One of the best things about social media—besides the hilarious cat videos—is how it gives us all an opportunity to learn from one another. The ability to share an experience or a piece of wisdom or advice and have it be carried far and wide can be incredibly useful, especially when it comes from someone whose voice may not be heard as often as it should.

A perfect example is a recent thread by Ada Hubrig (@AdamHubrig) on Twitter explaining how and how not to interact with a person in a wheelchair. Hubrig says using a wheelchair has been "life-changing in the best way" for them, but the way they are treated when they are using a wheelchair can be annoying, frustrating, hurtful or just downright weird.

Some people don't have regular interactions with people who use wheelchairs and may have questions about what's appropriate and what's not. Some people might make assumptions about people using wheelchairs or be completely oblivious to how their prejudices are impacting their behavior. Hubrig's thread not only clarified some common issues wheelchair users deal with, but also opened up the conversation for people to ask some of the less obvious questions.


Hubrig opened their thread by explaining that they actually love their wheelchair, as they can't stand or walk for more than 10 minutes without it. However, they loathe how people treat them when they're using it.

Then they shared some tips on how to do better:

"First, remember that wheelchair users are people," they wrote. "We are more similar to you than different, we're just sitting down while you're standing up. You're likely around other people who are sitting as you stand all the time. Don't make it weird."

"Second, remembering that we're people, respect our autonomy," they continued. "If we're speaking and you have a question for me, don't ask my partner who is standing. As an example, medical professionals will often ask my partner my symptoms when I am RIGHT THERE. Please notice us."

The third piece of advice was to never touch a person's wheelchair or other mobility or medical advice unless you have been given permission.
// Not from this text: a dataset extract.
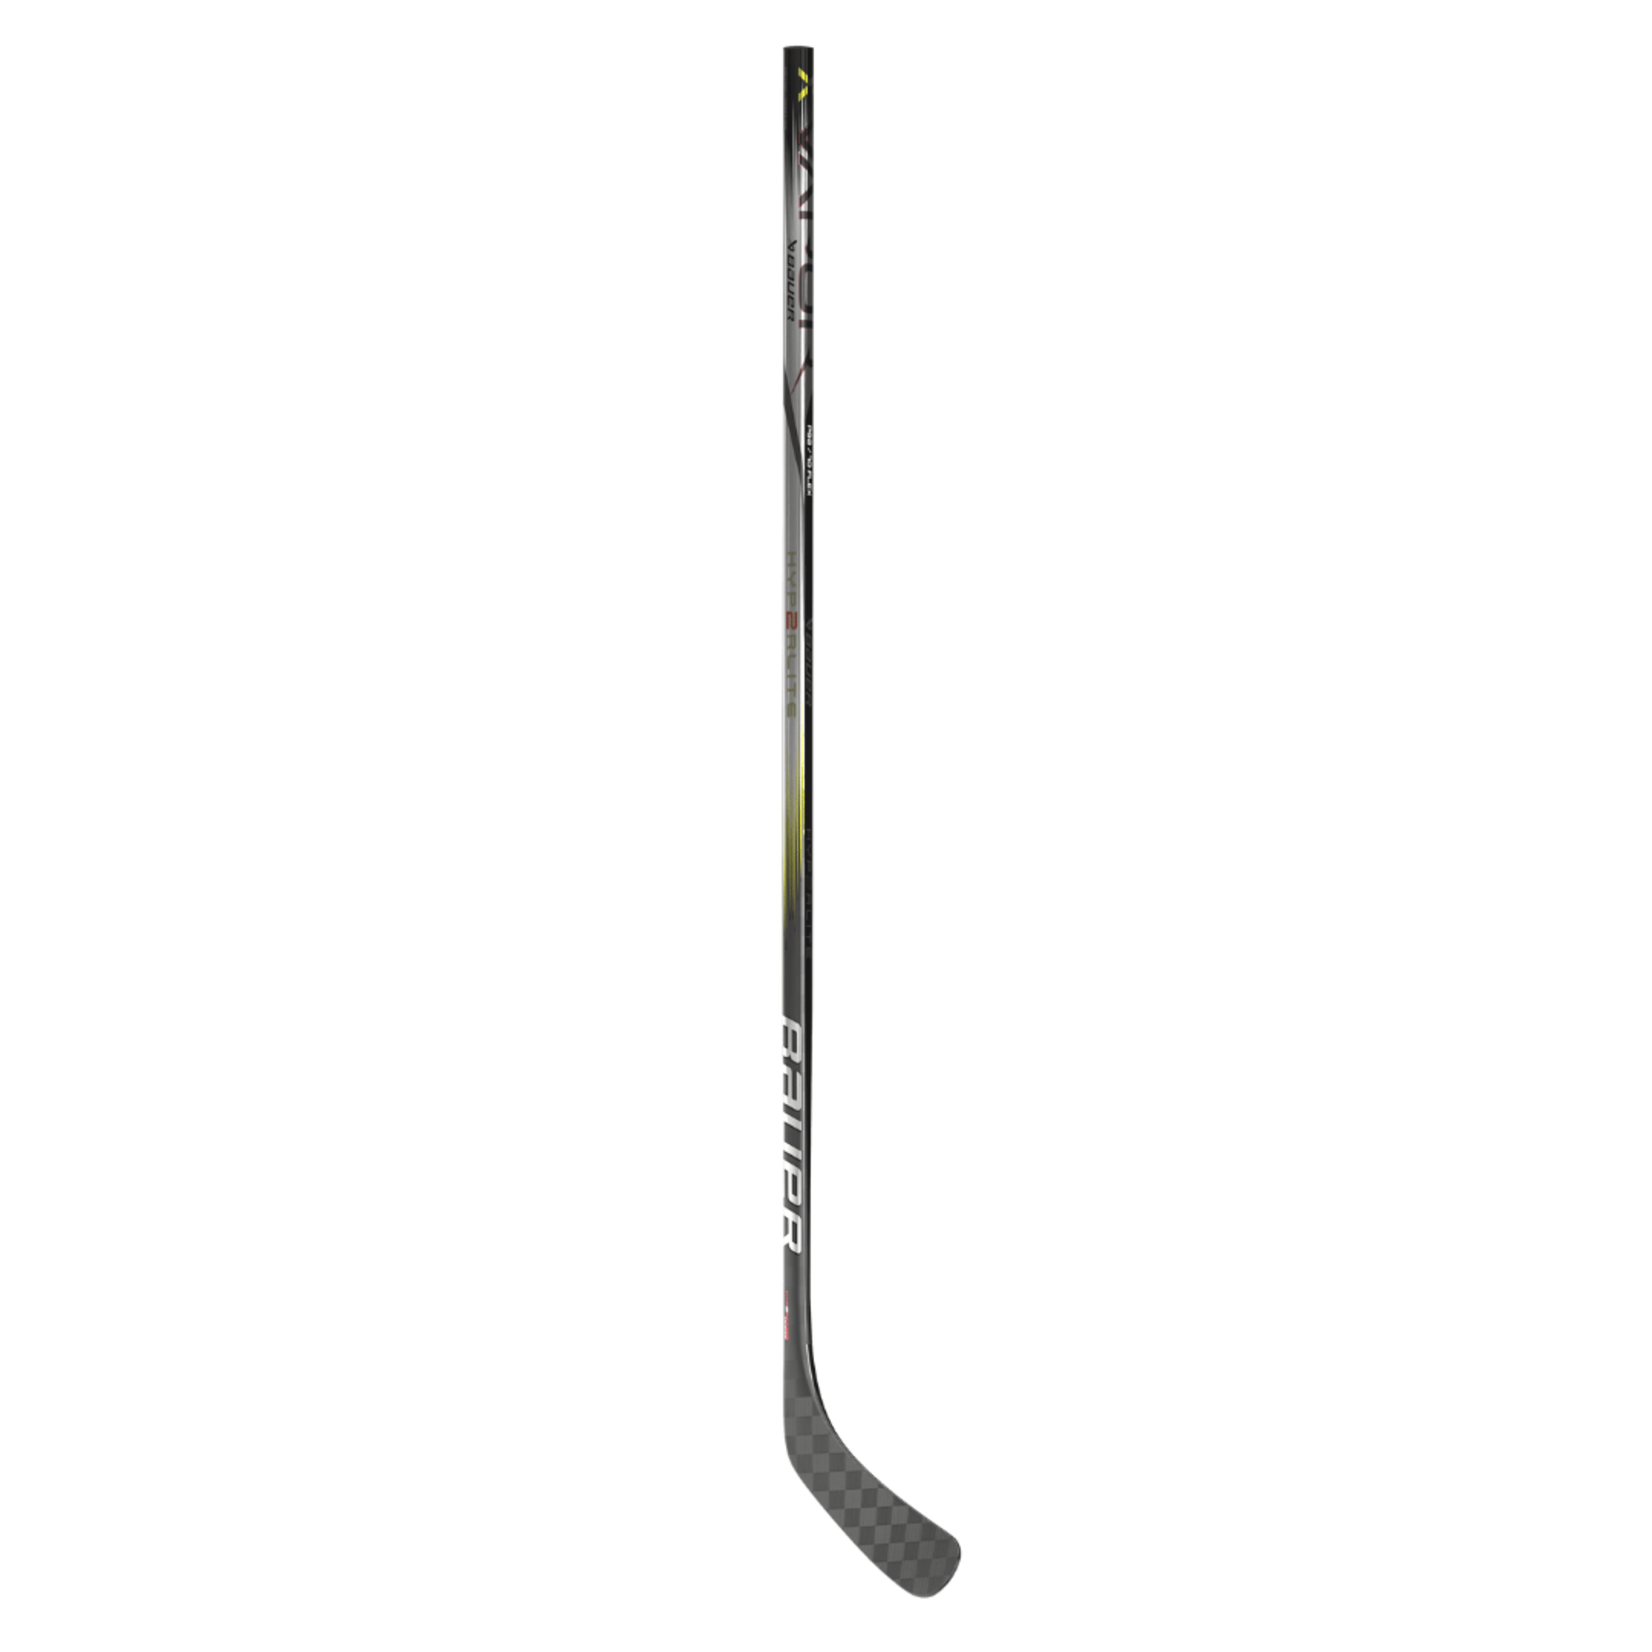 Bauer Bauer Hockey Stick, Vapor Hyperlite2, Grip, Junior 52"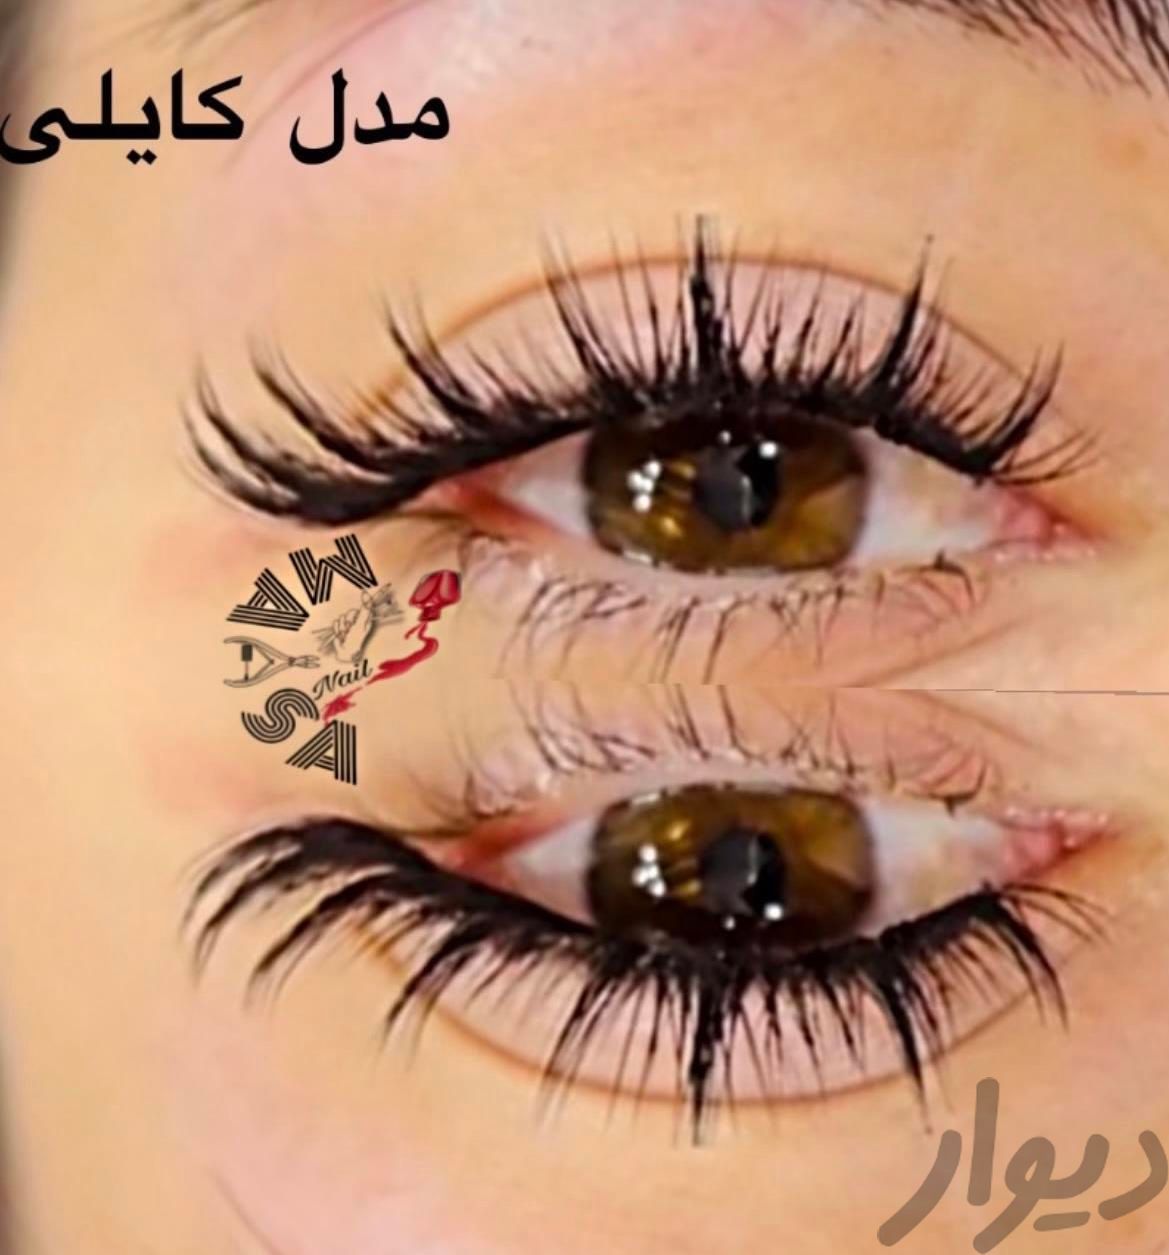 کاشتناخن مژه بمناسبت روز دختربمدت ۱۰روز|خدمات آرایشگری و زیبایی|تهران, مشیریه|دیوار

Hubrig said that people will often just roll them out of the way.

Yeah, don't do that. You wouldn't pick up a standing person and move them out of the way (hopefully). Same concept.

Hubrig went on to explain that no one is entitled to anyone else's medical history or trauma. "I get that you may mean well, but asking 'what happened' can be more difficult for some people than you realize," they wrote. "It's a lot of emotional labor to answer."

On a related note, don't ask about people's genitals. Ever. Seriously.

A tip for parents: "Please don't let your kids crawl on me or my wheelchair. My wheelchair isn't a toy."

"I like kids mostly, I do," Hubrig wrote. "But even if we weren't in a pandemic, I don't want any stranger up in my personal space like that. Once a kid ripped my ostomy bag off me. No plz."

Also, don't make judgments about a person's need for the wheelchair. "Some wheelchair users, like myself, don't use the wheelchair full time," Hubrig wrote. "I can walk/stand about ten minutes at a time, and use a cane for short distances. If you see a wc user standing/using a cane/whatever, don't assume we're faking. We don't use a wc for fun."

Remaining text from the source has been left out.